— WHAT THIS TASK INVOLVES —
Write out every record exactly as it appears. Skip the pictures.

[LISTED RECORDS — start]

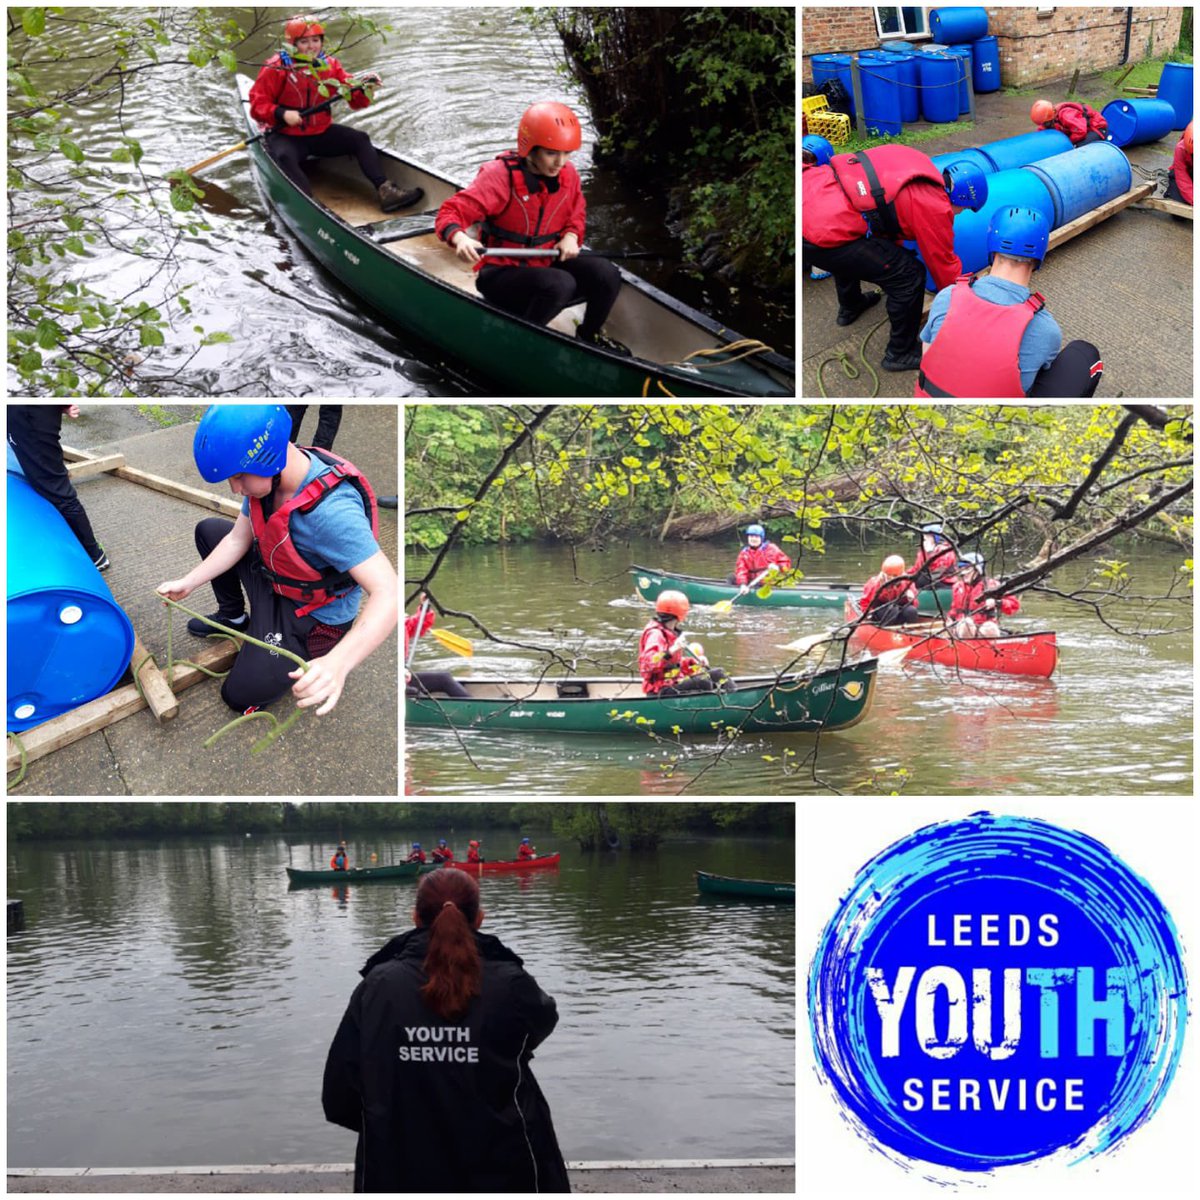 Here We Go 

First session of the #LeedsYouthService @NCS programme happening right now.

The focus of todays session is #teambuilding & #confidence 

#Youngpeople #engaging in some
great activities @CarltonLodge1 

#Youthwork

[LISTED RECORDS — finish]

— SOLUTION TO THIS TASK —
 Here We Go 

First session of the #LeedsYouthService @NCS programme happening right now.

The focus of todays session is #teambuilding & #confidence 

#Youngpeople #engaging in some
great activities @CarltonLodge1 

#Youthwork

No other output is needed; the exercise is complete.